One of the biggest concerns for logistics companies is the availability of truck and rail chassis to handle the transferred cargo. Logistics managers told CNBC that the ports of Savannah, Brunswick, Virginia, Charleston and New York/New Jersey are expected to receive the diverted cargo. Ports told CNBC they can receive additional cargo, but logistics managers are concerned about whether there will be available chassis to receive the additional cargo.
“For our company, we have ample supply in Philadelphia and New York/New Jersey to handle any diverted cargo,” said Val Noel, chief operating officer of TRAC Intermodal, the largest marine chassis supplier and associate manager, as well as Member of FLOW. “We don’t offer chassis in Norfolk or Charleston, those are port chassis pools.”
Mike Wilson, CEO of Consolidated Chassis Management (CCM), the sole manager and chassis provider for SACP 3.0, said: “If the cargo is moved, it should also go to New York and Norfolk, and we should be able to provide services to Wilmington, Savannah and The Port of Jacksonville.”
“Once steamship lines (SSL) finalize diversion plans for unloading import volumes, SSL will redirect outbound containers held in Chicago to allow for a full analysis of outbound vessels.

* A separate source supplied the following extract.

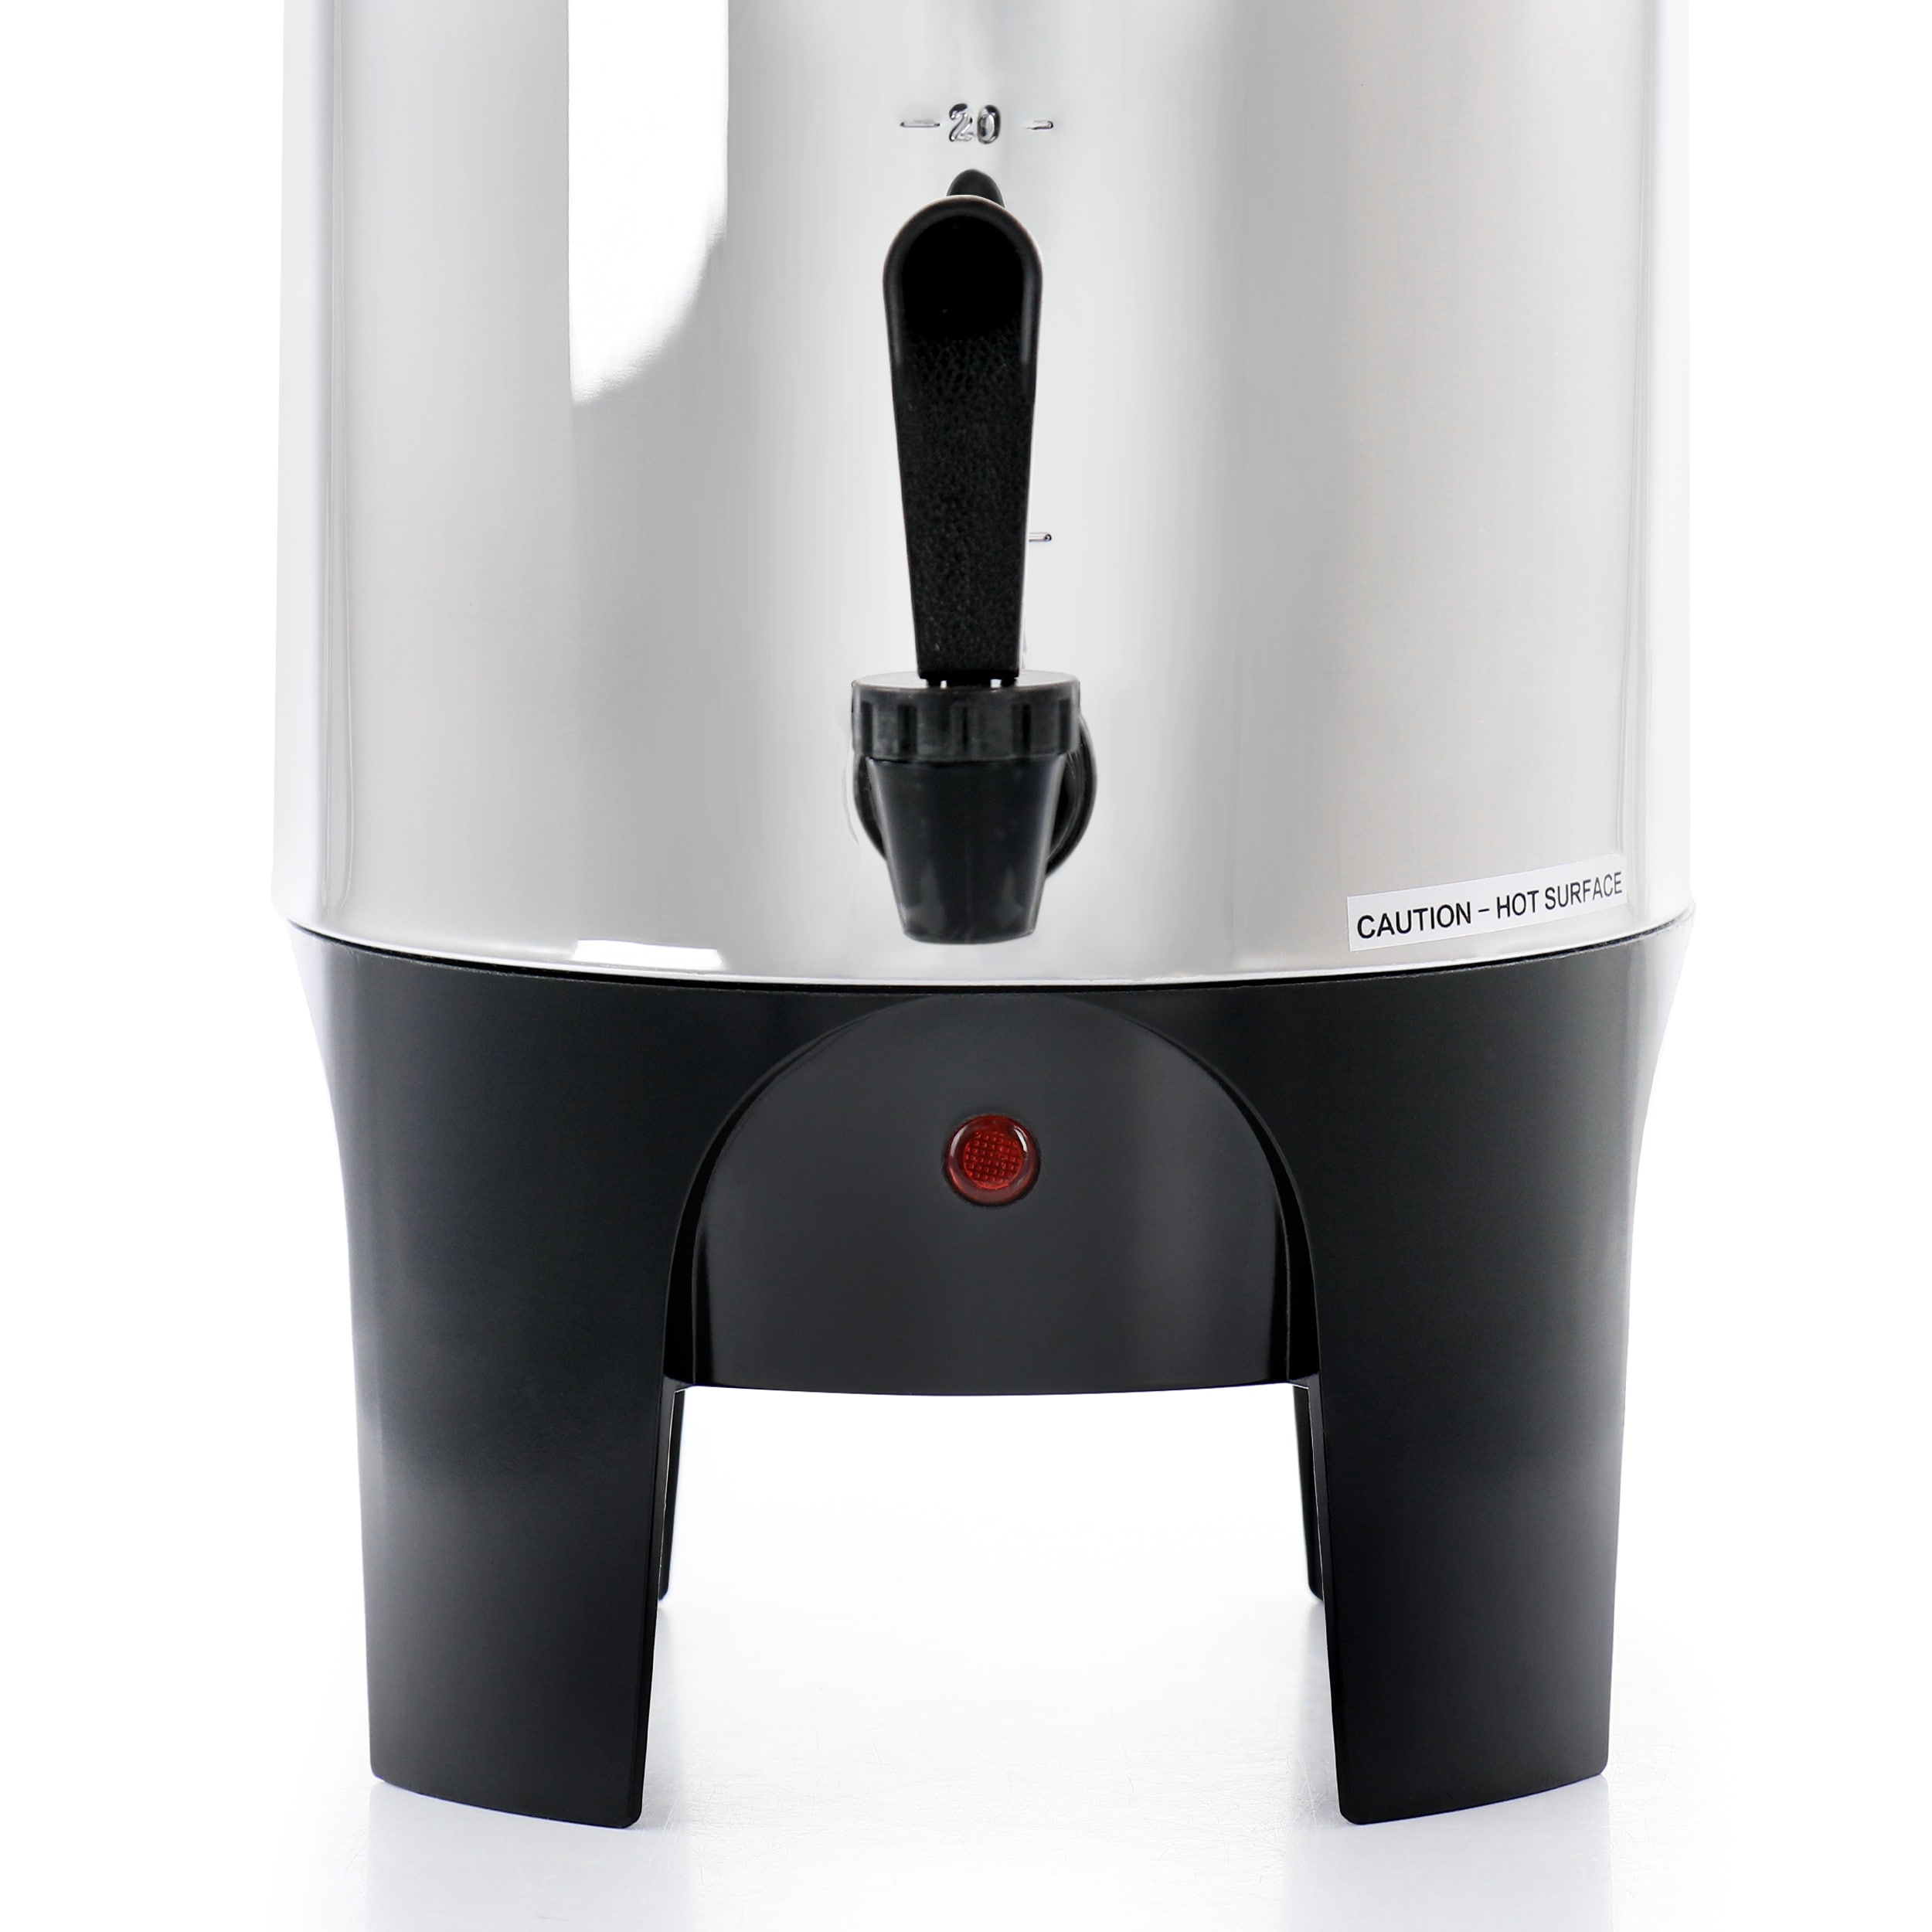 30 Cup Coffee Maker

While there may be initial delays, the supply chain should be able to pivot to the diversion gateway and minimize any serious congestion issues,” Noel said.
Alan Baer, CEO of OL USA, told CNBC he has containers onboard the Dali ship.
“We have cargo shipped to the United Arab Emirates, Saudi Arabia, Doha, India and Bangladesh,” Bell said. “For our U.S. customers, our import shipments are diverted to New York/New Jersey and Virginia (Norfolk), with Midwest shipments initially sent to Norfolk. We believe our Midwest exports are also They will be sent to New York, Norfolk and Montreal.”